Sie befürchteten, dass ihre Vorstellungen im neuen Nutzungskonzept keine Rolle mehr spielen könnten. Letztendlich wurde keine Einigung zwischen beiden Parteien erzielt und die weitere Planung gestoppt.

Die ursprüngliche „Rentnerband“ mit Engelbert Hurtner (v.l.), Wilhelm Haverkamp, Alfred Stock, Heinz Höhnerhaus und Alfons Gödde (6.v.l.) wird mittlerweile durch jüngere Freiwillige verstärkt. Neuestes Projekt ist die Pflasterung der Zuwegung.

Die ursprüngliche „Rentnerband“ mit Engelbert Hurtner (v.l.), Wilhelm Haverkamp, Alfred Stock, Heinz Höhnerhaus und Alfons Gödde (6.v.l.) wird mittlerweile durch jüngere Freiwillige verstärkt. Neuestes Projekt ist die Pflasterung der Zuwegung. © Silvia Wiethoff

Die Geschichte von Schloss Sythen, das historisch belegt eigentlich Haus Sythen genannt werden müsste, geht ohne Firmenansiedlung weiter. Schauplatz für Auseinandersetzungen ist das Anwesen auch in früheren Jahrhunderten reichlich gewesen. Erstmals erwähnt wird „Sitnia“ im Jahr 758 in einer Urkunde. Damals kämpften die Sachsen und Franken gegeneinander.

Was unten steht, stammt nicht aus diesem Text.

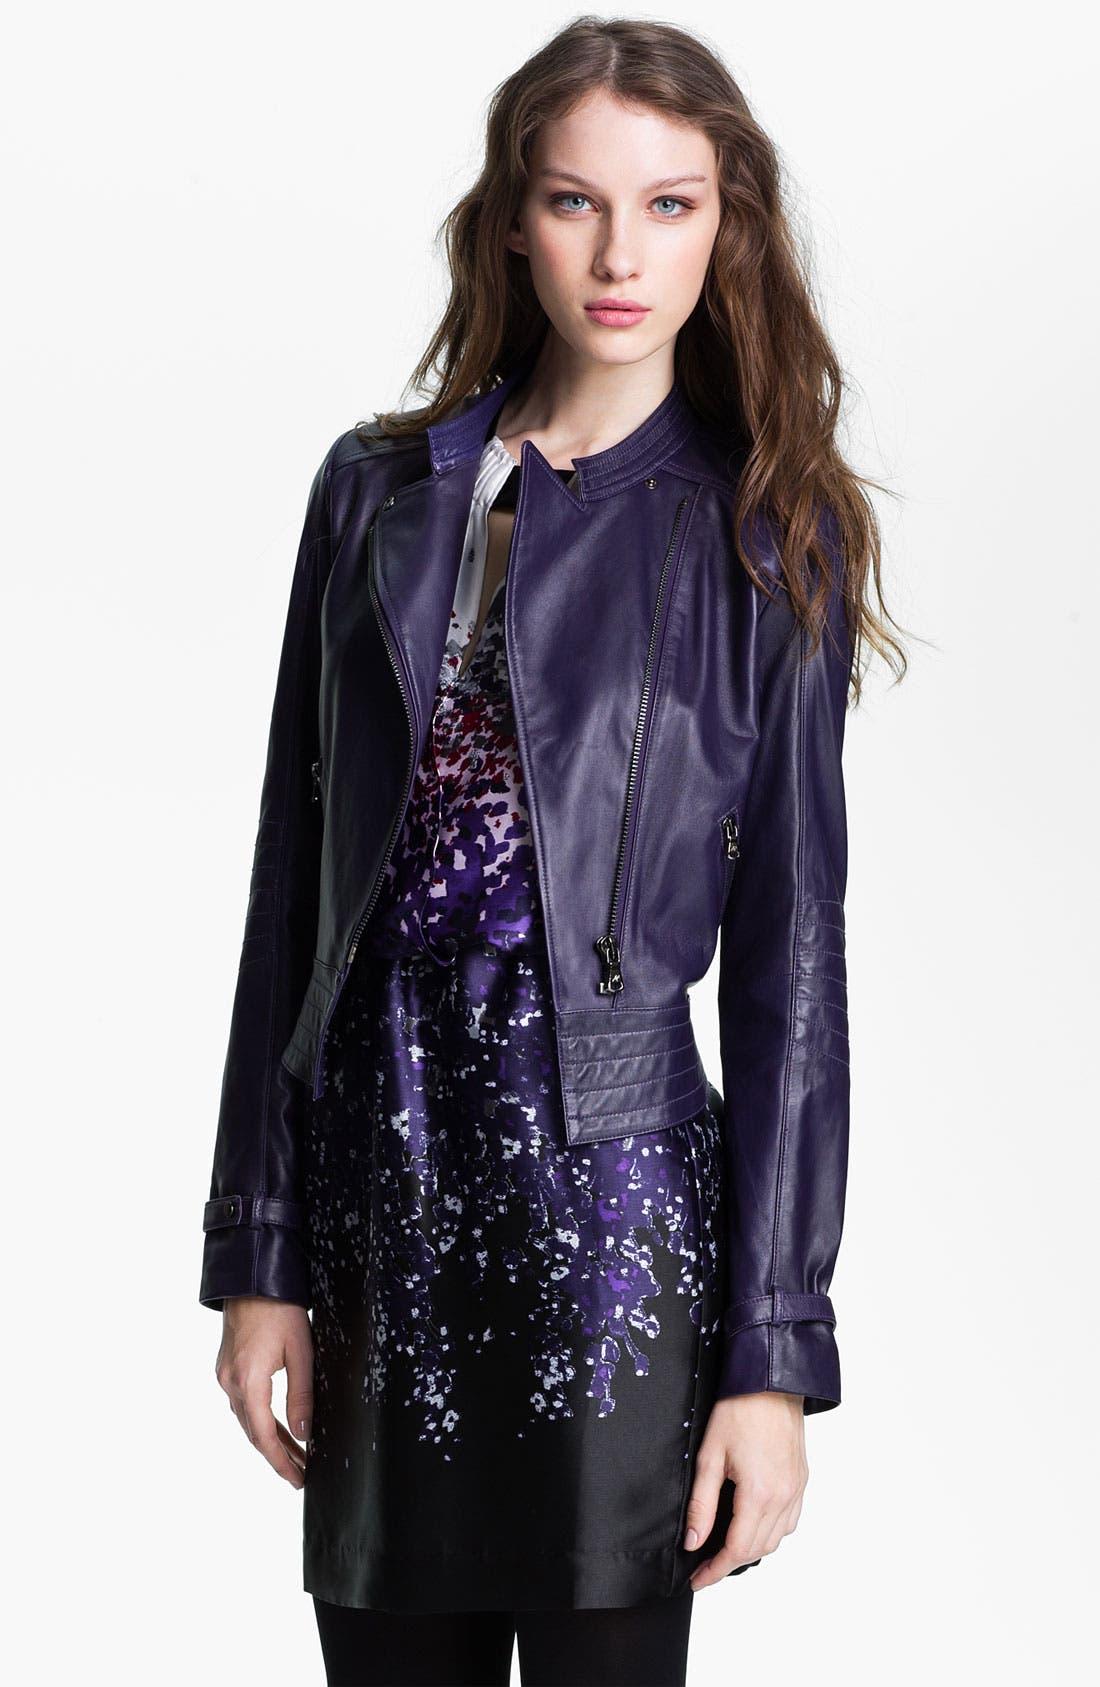 Main Image - Kenneth Cole New York 'Maria' Metallic Leather Jacket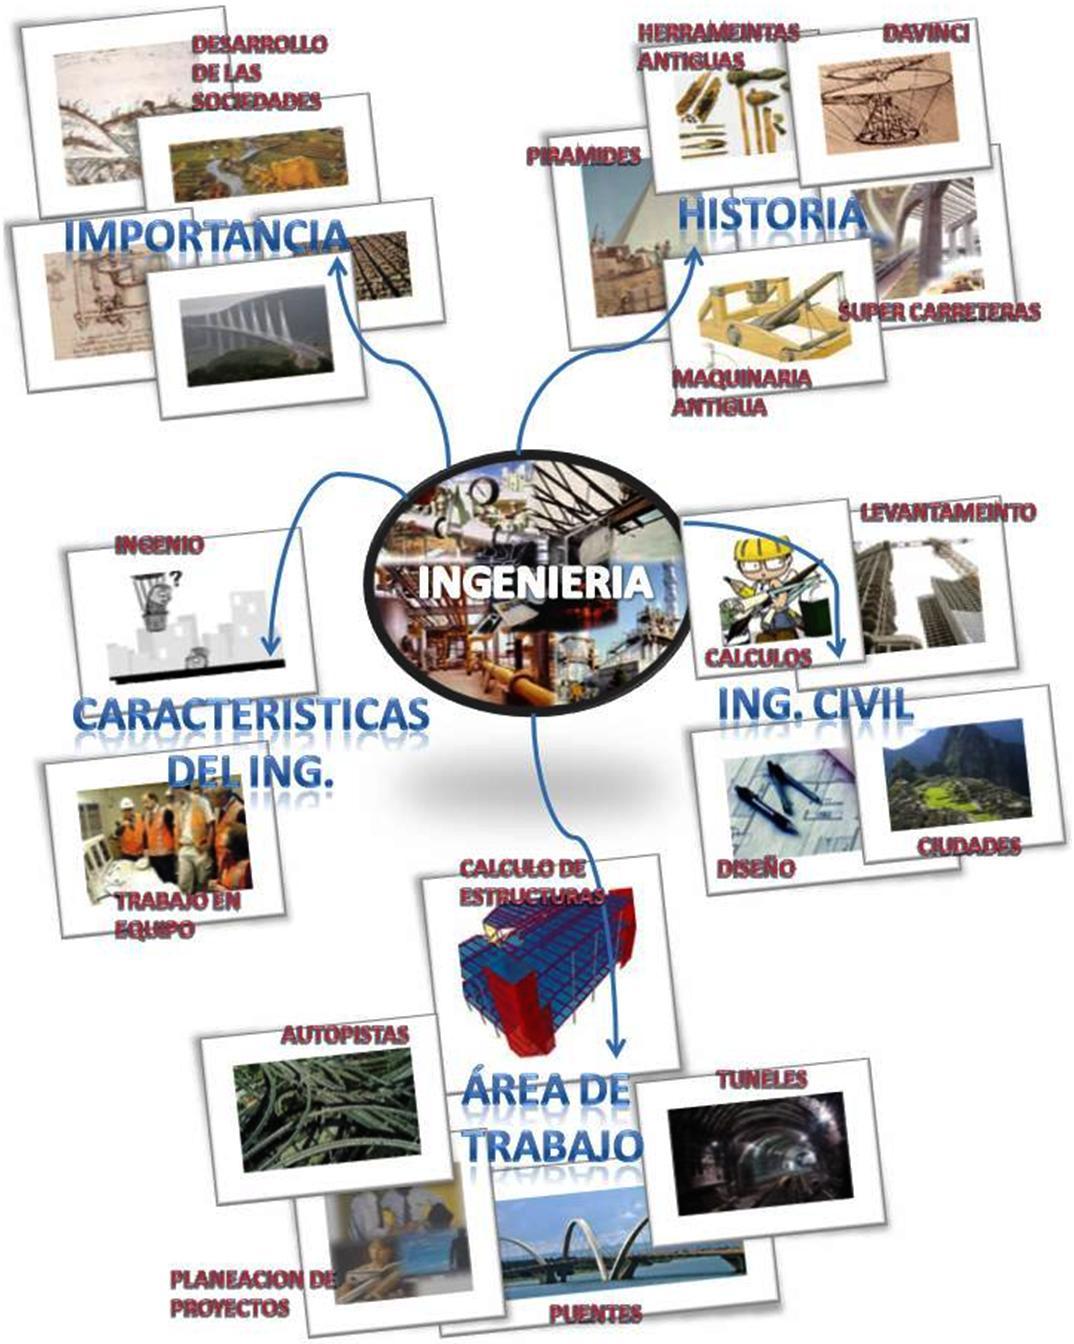 estudio ingenieria venezuela:

Viele Jahrhunderte hindurch war Haus Sythen übrigens eine Wasserburg, die aus einer germanischen Wallburg hervorgegangen ist. Das heutige Kapellen-Gebäude wurde um 1330 erbaut und war Teil der Hauptburg, der heutige Torbogen gehörte zur Vorburg.

Zum Glück gehören die kriegerischen Kämpfe zwischen Rittern und Adelsgeschlechtern schon längst der Vergangenheit an. Heute spielt die Liebe auf Schloss Sythen eine Hauptrolle. Die Trauungstermine auf geschichtsträchtigem Boden für 2019 sind bereits ausgebucht.